The Court is persuaded that the creditor has met its burden of proof in this case that McCoy made the false representation to the bank that he was going to use the loan proceeds to purchase horses and that McCoy made these representations with the intention of deceiving the bank. This was a secured loan. The debtor testified that he was aware of that nature when he entered into the loan agreement. The Court can reach no other conclusion that despite this knowledge, McCoy never had the intent to use the proceeds to buy horses. The evidence conclusively demonstrates that some of the circumstances which McCoy claimed were unforseen actually existed prior to applying for and receiving the loan.

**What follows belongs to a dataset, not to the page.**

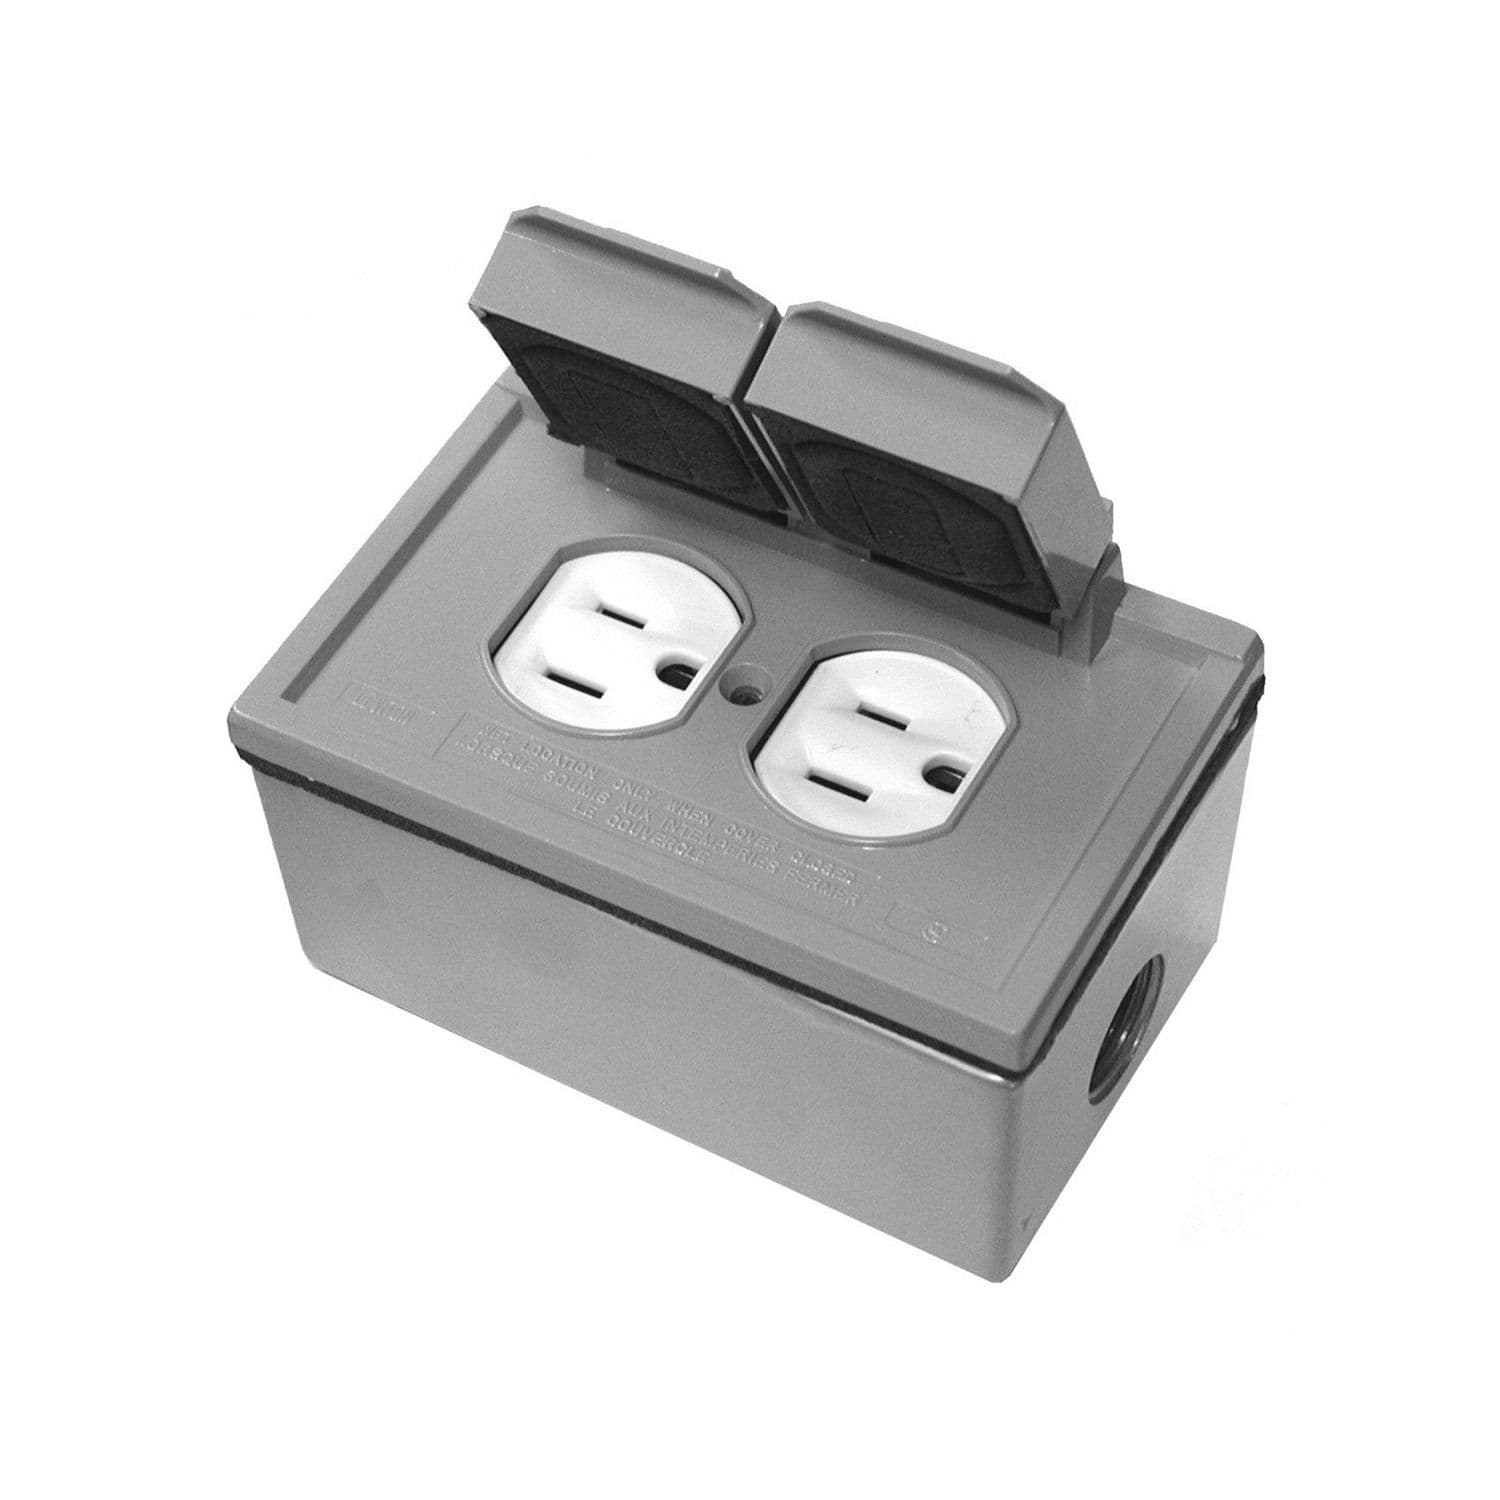 Thomas & Betts 37129-721 Vertical GFCI Outdoor Outlet Cover

McCoy asked this Court to believe that some of these same circumstances were emergency situations that justified using purchase money loan proceeds for other items than what they were given for. If this Court were to accept that $600 phone bills, the purchase of new furniture, and paying off a $10,000 balance on a vehicle were emergency situations, the Court might as well say the grass is blue and the sky is green. And that is a conclusion this Court refuses to make.
It is therefore ORDERED that the Complaint to Determine Dischargeability is GRANTED. Commercial Bank & Trust Company is hereby awarded a non-dischargeable judgment against the Debtor in the amount of $27,232.13.
It is FURTHER ORDERED that the attorney for Commercial Bank & Trust is awarded his attorney fees against the Debtor/Defendant. If the parties cannot reach an agreement regarding the amount, Commercial Bank & Trust's attorney shall file a request for fees with the Court.